Facebook, in this light, seems to be having a bit of an existential crisis. Despite mainstream penetration, the original high-engagement, ‘in real life’ (IRL)-facilitative user experience has now taken more of a back seat, replaced with phonebook-like utility. Its use has been overtaken by the sharing of third-party content, which, while good for businesses and advertising, has saturated the platform. However, this has also placed Facebook in an awkward position as to its role of moderation. Its more recent run-ins with ‘fake news’ have prompted the company to adopt the stance that it is a platform, which means that while it may enforce some community guidelines, it maintains that it has no editorial responsibility. Its official line is that it is a social network, not a media company.

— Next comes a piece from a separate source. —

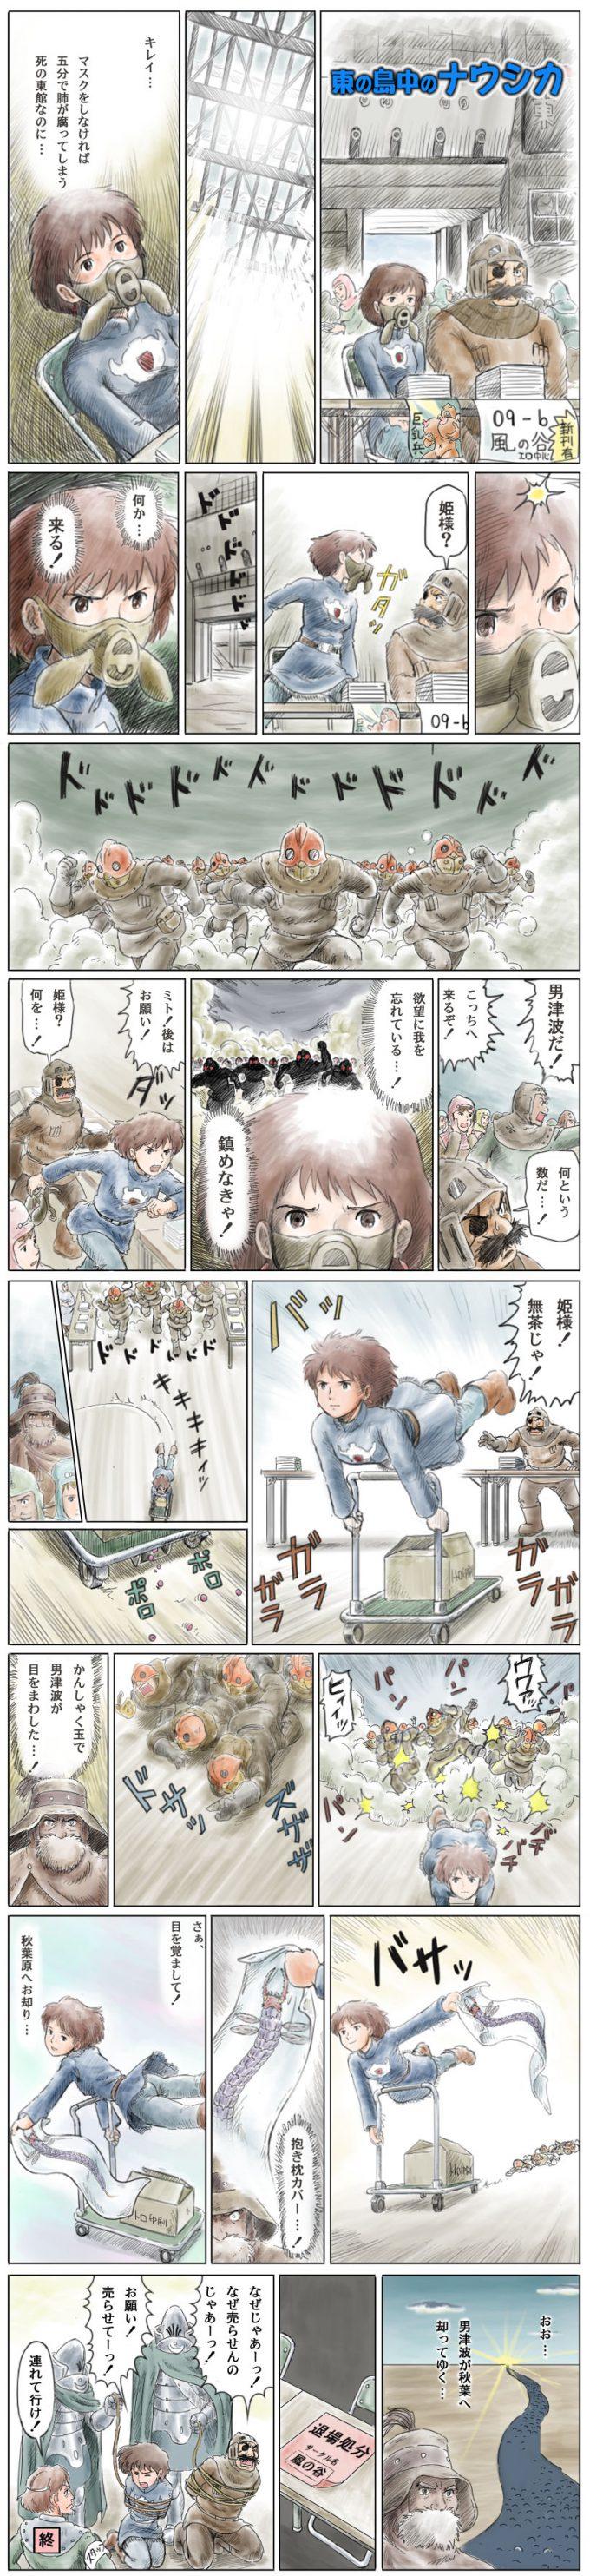 コミケのオタクたちを『風の谷のナウシカ』のキャラたちで描いたパロディ漫画がおもしろい(笑)

Which makes the recent reveal of Facebook’s Bulletin all the more surprising. The social network is hoping to launch its own Substack clone for subscription email newsletters. The content will be broad, updating subscribers on basic news from sports to fashion to world events, although it will avoid ‘political or other controversial’ topics. Bulletin will be separate from the Facebook platform itself – be that to avoid the Apple and Google 30% tax on in-app subscriptions and purchases, or just to separate it from the parent Facebook brand, which is not currently at the highest levels of consumer trust. However, the new proposition will offer the reach of the entire global Facebook audience, which is understandably appealing to other brands which might get involved down the line.

This is an interesting move, in terms of brand identity. Indeed, it begs the question: what is Facebook, from the perspective of the consumer? Its primary function is that of a web, upon which content from other creators and providers can be placed. Bulletin, however, will be its first step out into content production – which is bold, considering its usual defence against malfeasance happening on its platform, and also confusing.

Facebook has video, games, brands, ads, events, friends, family, politics, news – all from other sites. It has messaging and ad feeds. How can Bulletin stand out to users? Of course, to businesses seeking its massive potential audience, the appeal is there for partnership and promotion (as an ad business, likely something Facebook will have in mind) – but from the consumer side, the proposition is scattered at best. To be successful, and before it can offer brand partners an audience, the Bulletin rollout will have to build that audience by providing something they cannot find elsewhere – and there are many, many email newsletters on the market, most far more tailored to niche audiences and perspectives than the mainstream considerations of Facebook will likely be able to afford.

Perhaps Facebook is trying to become the utilitarian Amazon of information. Perhaps it is testing the waters of monetisation, with Bulletin to potentially have a subscription option. Undoubtedly driving it all is the need to maintain strong growth metrics for a public technology company which must be seen to continually iterate and disrupt itself to satisfy both public investors and its own inherent institutional impulses. In short, it must conform to the start-up investor culture and expectations it helped define – but at 15 years old and one of the most lucrative ad businesses in the world, it is hardly a start-up anymore. The success or failure of Bulletin could be a bellwether for a larger reckoning in the digital marketplace, as post-pandemic life begins to stress-test traditional digital entertainment assumptions.